Okay, time to wrap this thing up.
She held up one fist, indicating Kip should stay where he was. He hadn’t gone through any hand-to-hand combat training yet, so she didn’t want him to get much closer to the target. Agency rules were pretty specific in regard to what a rookie could do. The takedown was her responsibility.
She scanned the shadows and doorways as she edged closer to the smell, trying to get a visual. Careful not to touch the business end, she eased her red-tipped nails into a set of brass knuckles with silver spikes—not normally her weapon of choice, but she really needed to punch something—and crept around the iron railing of a stairwell. The coppery, slightly sweet scent intensified and her pupils dilated further.
The nagging voice of sensibility, her rule-abiding conscience that was never far away, told her she should’ve called for backup a while ago. But she didn’t want to admit to anyone she needed help. There were plenty within the Agency who believed she’d made it to Tracker only because of her father’s influence. She wasn’t about to prove them right by admitting she couldn’t handle a routine patrol call. No, she’d keep this matter to herself.

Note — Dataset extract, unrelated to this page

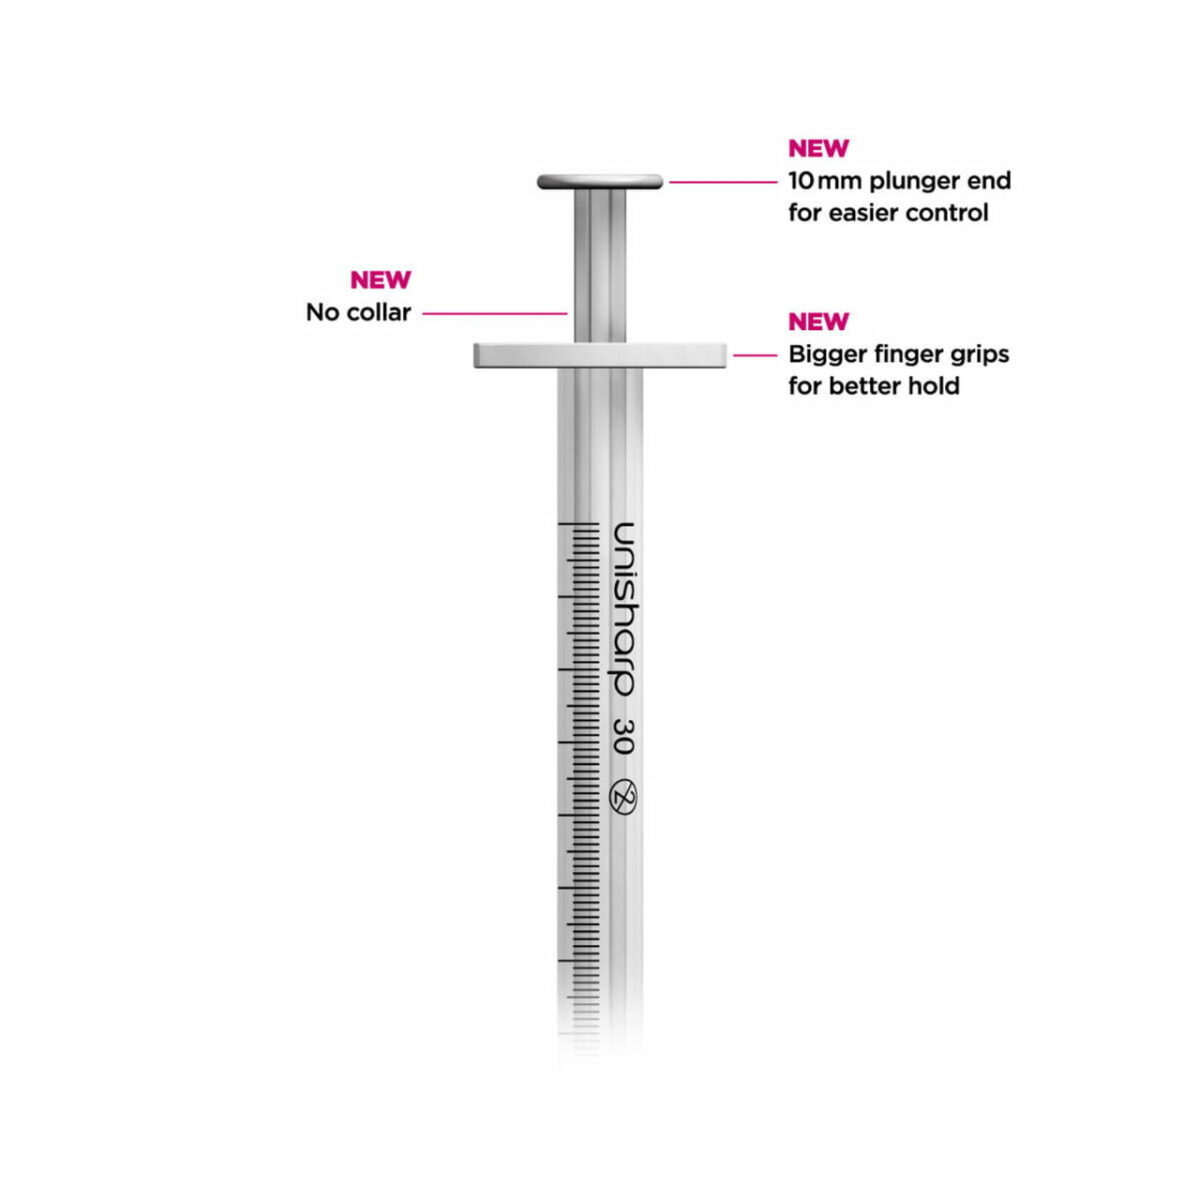 unisharp unisharp 1ml 30g 12mm fixed needle syringe 85793 1 59719.1674791649.1280.1280 28466.1675384743.1280.1280 58736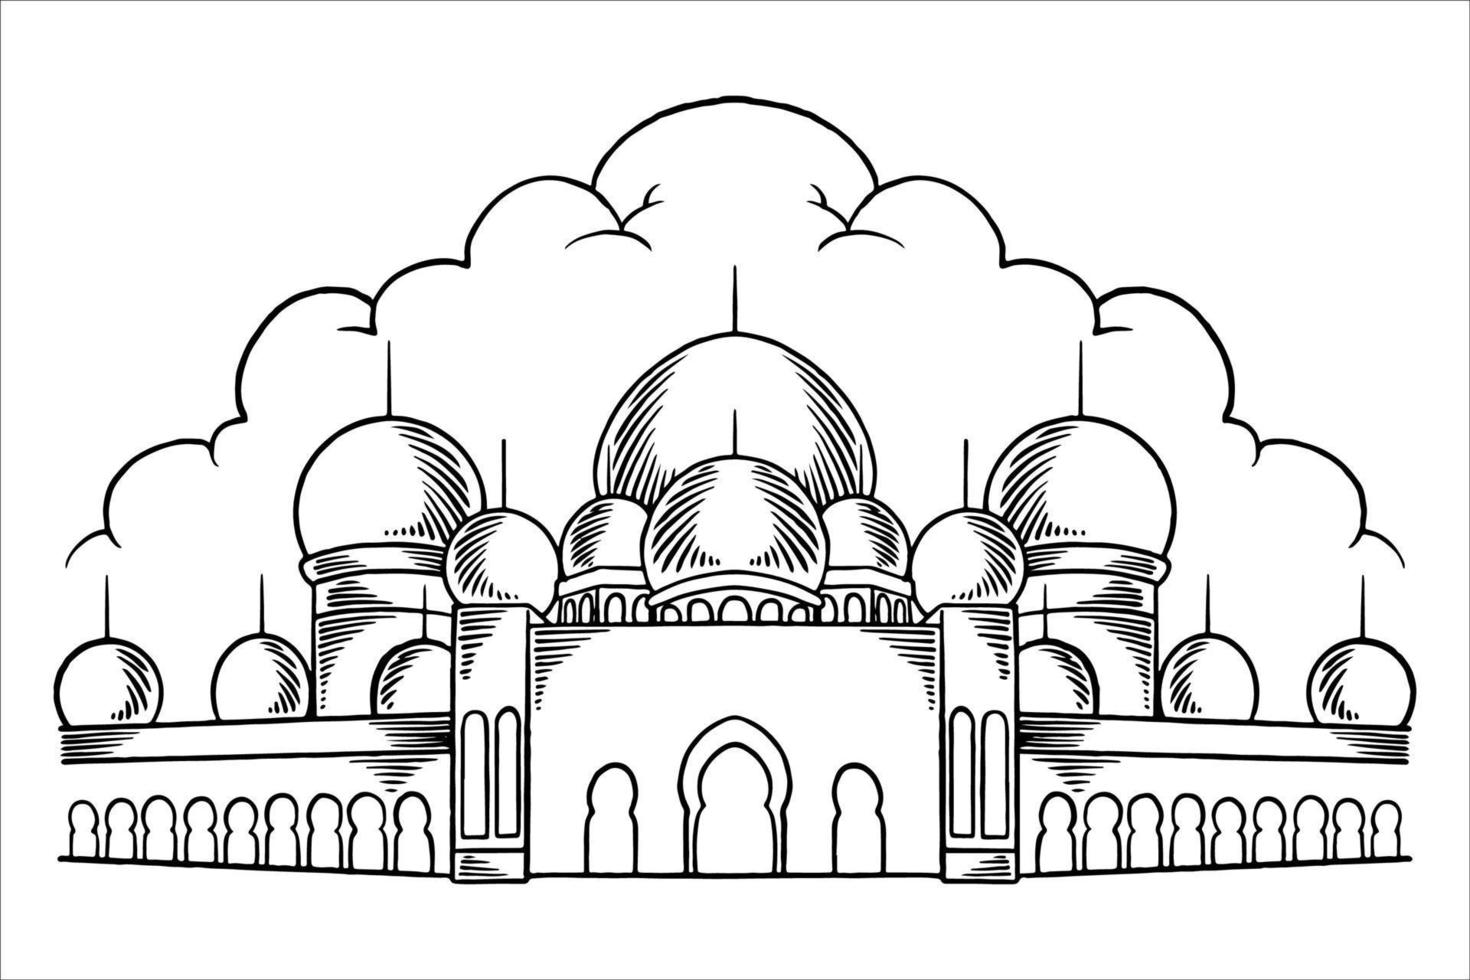 disegnato a mano o schizzo della grande moschea per elementi islamici del ramadan. vettore

In the direction of one of the darkened doorways at the far end of the alley, she heard the scuffle of shoes on the wet pavement followed by a low, almost orgasmic moan.
Finally. You can run, but you can’t hide.
Kip had been right. The human was alive, but just barely. There wasn’t much time. After punching a code into her cell phone to request a pickup and a medic, she sprinted down the alley, not caring if the revert loser spotted her at this point. If he ran, she’d catch him.